当時は、女優やアイドルが器用にタレントとしてバラエティーをこなし始めていた時代である。だからこそ、純粋に美少女の身体、仕草、表情だけを提供するグラビアが神格化した美少女を作り上げる事ができた。演じる映画やドラマの物語も、歌うアイドルソングも持たないことが、むしろノイズの無い空想の美少女を強固にする。

では、本作の主人公の小路はどうか。常にキラキラしていて、嫌味なく、負の感情を持たず、美人で可愛くて、ちょっと田舎っぽくて大胆である。身体の柔軟性の高さから、様々なポーズを自在に操り、母親や妹と楽しく仲良くやっており、憧れ要素が満載である。それらが、フォトジェニックだったり、表情が豊かだったり、仕草や言動にドキっとしたり。小路が何の運命や物語を背負っていないのも、それが誰の心にも描く空想の美少女の邪魔になるからだと思う。小路は周囲の誰も否定する事なく優しく受け入れる。これらの文法はグラビア美少女そのものと言ってよい。

原作の漫画家の博先生は、少なくとも連載当初はココを狙っていたのではないかと思う。漫画で美少女グラビアを再現するというのは博先生の絵力あってこそ、の挑戦だったと思う。

1話~6話のテーマ(干渉できない美少女)

前述の通り、小路は中学で初めて同級生を持つ。その事で級友に対しての好奇心が強く前のめりである。

級友たちも、小路のある種破天荒さに驚きつつも、接触すると心の中まで爽やかな風を吹かせてきて、小路に対して恋に落ちる。これは大げさな言い方だが、百合的な意味合いではなく、少年がグラビア雑誌の美少女に恋してしまう感じと言えばよいのかもしれない。

谷川は、4話で小路に惚れてしまい写真集のモデルを頼み写真を撮り漁った。大熊は、5話で観察対象としていた小路がそれを気付いていた事を受け、正式に小路を昆虫観察に誘った。ともに、小路は自分とは違う美しくて眩しい存在である事を理解し、小路を観察する者であるが、小路は被観察者としてではなく一緒に過ごす友達として距離を詰めてくる。
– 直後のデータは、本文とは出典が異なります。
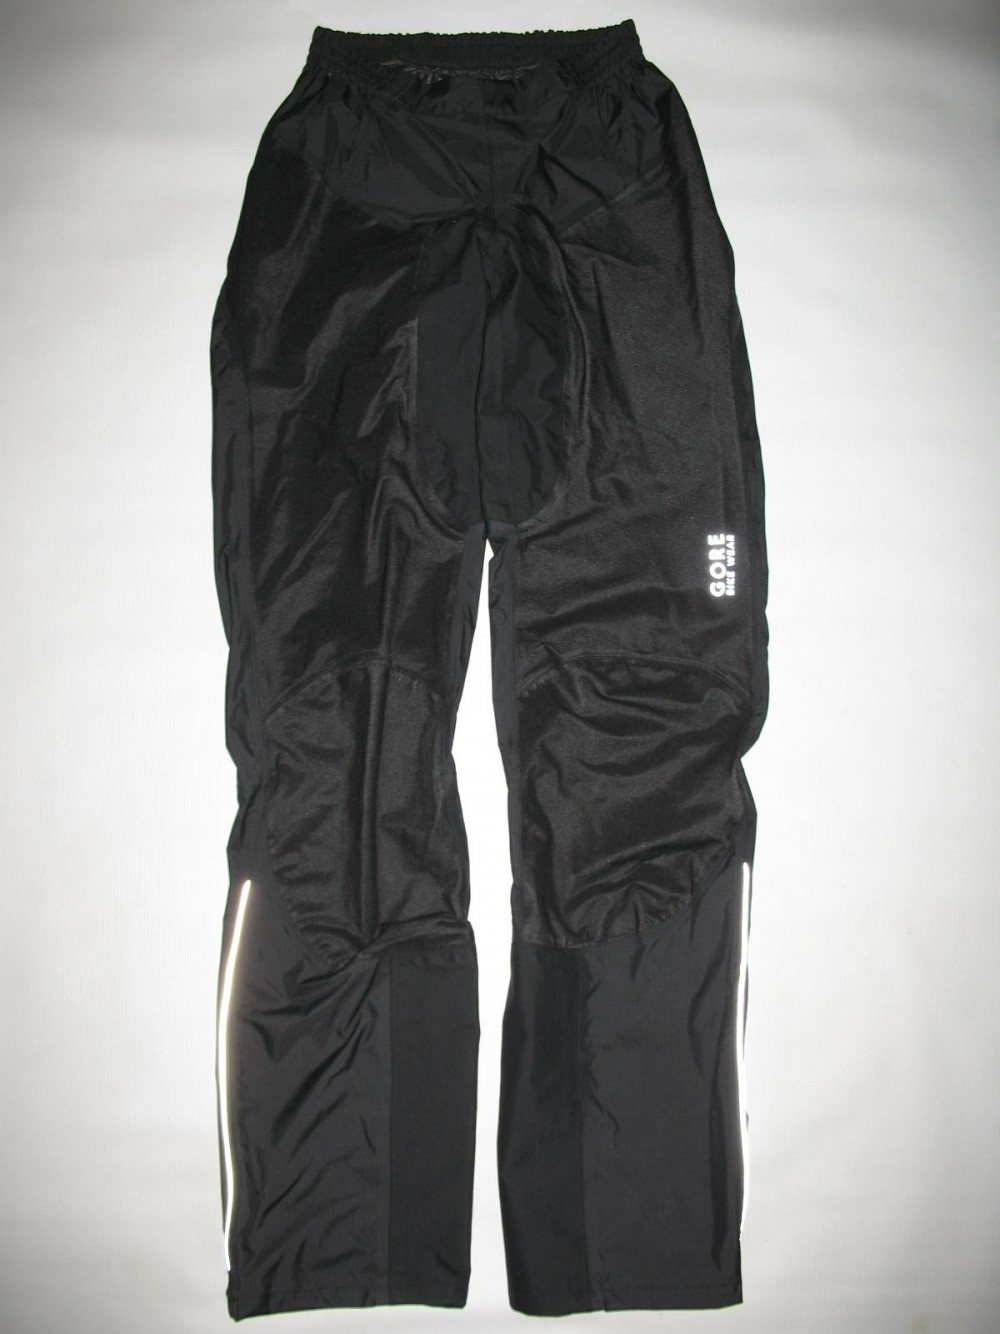 Штаны GORE gtx bike pants lady (размер 34/XS) - 1

この谷川と大熊は、グラビア写真集のページをめくる読者とイメージが重なる。ただ、手を伸ばしても届かない神格化した存在ではなく、声をかければ応えてくれる級友である事を小路は主張する。しかしながら、この時点では小路は相変わらず小路であり、小路の内部に変化が生じたわけではない。小路というのはあくまで、ガラス越しに存在する干渉できない美少女なのである。

小路は子供のように純真で素直で真っ直ぐである。身体能力が高く野生児的な部分もある。しかし、人間は成長したり、都会の喧噪に揉まれたりする事で、純粋では居られなくなる。だからこそ、小路に干渉できない事が、この空想の美少女を汚さず継続させる事を無意識に求めてしまい、それで安心してしまう。そういう面があったのだと思う。

6話では、小路は木崎と一緒に釣りをして、木崎を家に招き入れる。学校外、学生寮外で2人で遊びに行くのは初めての経験ではあるが、これもまた小路のフィールドでの行動であり、小路を変化させるものではない。しかし、小路は自分を差し置いて木崎を「江利花ちゃん」と呼ぶ母親と妹に地団駄を踏み、別れ際に木崎は「小路さん」と呼び、小路に下の名前で呼んでと告げて別れたところで6話は終わる。

7話のテーマ(美少女と観測者の変化=物語)

物語後半開始の7話。今までは干渉できない小路が周囲に干渉されて変化する事を描いて行くのだと想像している。それは、前半で描いたガラス越しの干渉できないグラビア美少女の否定である。グラビアには物語は邪魔であると書いたが、これからは小路の物語が始まり、小路が変わり始めるのではないか。

まず、7話のアバンは、早朝の教室で木崎のことを「江利花ちゃん」という変化のシーンから始まる。

そして、小路は楽器奏者に強い憧れがあり、木崎のピアノの演奏、蛇森のギターの演奏に感激し、自らの演劇の練習に負けていられないと励む。具体的な変化は7話では描かれなかったが、これは今までマイペースだった小路に対する明確な干渉であり、小路の心の変化として描かれたと思う。

勿論、7話で一番変化したキャラは蛇森であろう。蛇森は小路に干渉された事がきっかけとなり、戸鹿野の導きがあって、今まで興味があっても弾くことができなかったギターを弾けるようになった。この大きな蛇森の変化を7話に持ってきた事の意味があるような気がしてならない。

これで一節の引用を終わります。